Glasgow, Scotland, 1987. City bus driver ‘George Lennox’ (Robert Carlyle) intervenes one day when a female passenger without a ticket is harassed by a transit inspector. Helping her evade trouble, intrigued by her persona and situation, he discovers ‘Carla’ (Oyanka Cabezas) is a refugee from Nicaragua. After their evolving relationship takes a serious turn, he impulsively buys them tickets back to her country, so he can better understand and she can hopefully resolve the scarring grief that torments her. George is smitten and willing, but the reality on the ground in her spirited but ravaged homeland makes for a brutal education in cause & effect.

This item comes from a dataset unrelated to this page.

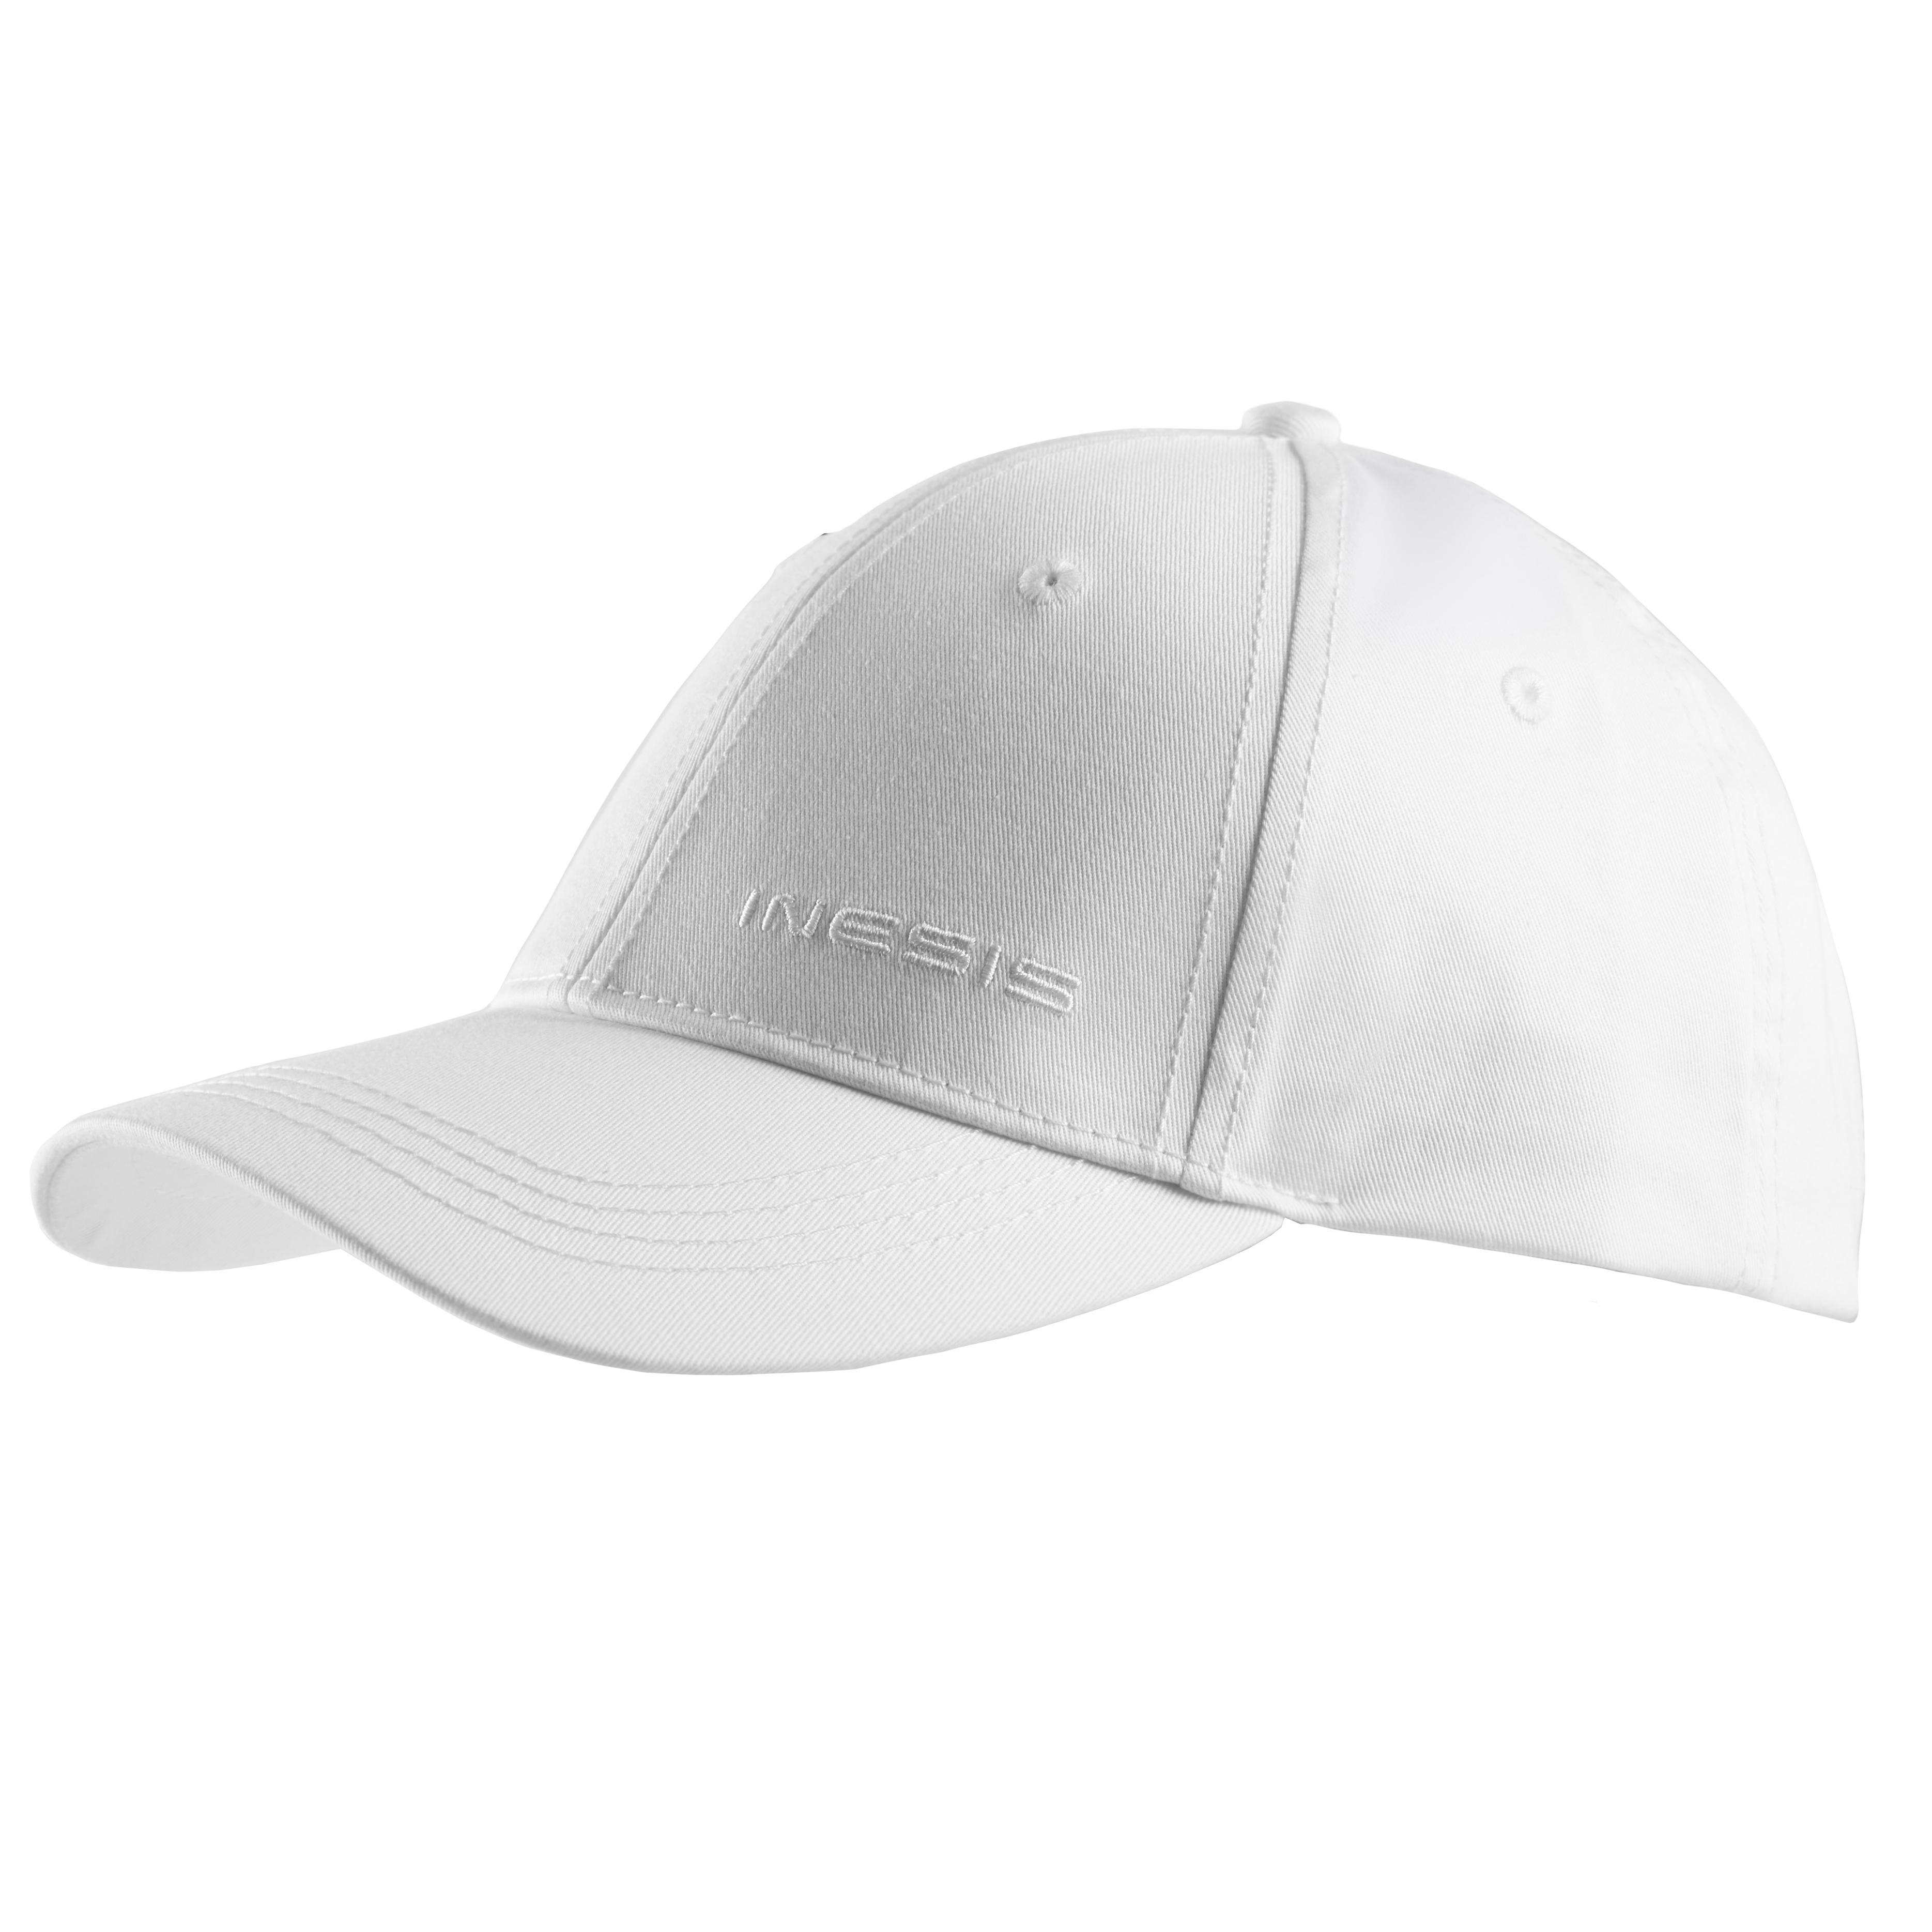 Şapcă Golf Alb Adulți imagine

Laverty’s debut screenplay was based on his three years spent in Nicaragua, documenting Contra atrocities (Reagan’s CIA-guided “Freedom Fighters”), his script fitting the sweet and tentative fictional romance into a real-life horror story, the Rape of Central America. Unlike the seasoned and cynical journalists of Salvador and Under Fire, George’s earnest, naïve working stiff is unprepared for a world he barely knew existed, and Carlyle’s acting is faultless. But the bracingly honest and winning Cabezas is the broken but still beating heart of the piece. The 24-year-old dancer learned sufficient English during the making of the film, and her own experiences in Nicaragua are achingly reflected in her performance: that emotionally churning delivery isn’t ‘acting’ but inhabitation. Her smile lights up the screen, her tears bruise your heart.
The downside to the gutsy acting, rugged location shooting and the important statement about the human cost of political chess moves is that during at least half of the time focus is undercut by the bad choice of woefully insufficient subtitles, which render a good deal of the dialogue, especially in Scotland, barely understandable. When the plot shifts to Nicaragua, it improves thanks to subtitles of the Spanish speakers, but even that is scattershot. Perhaps the idea was to give the viewer an “immersive” feeling, and that’s what you need to accept, since, unless you’re a native of Glascow and/or fluent in Spanish, you’re on your own. Irritant aside, a vital and affecting film.
With Scott Glenn, Gary Lewis and Richard Loza. 125 minutes.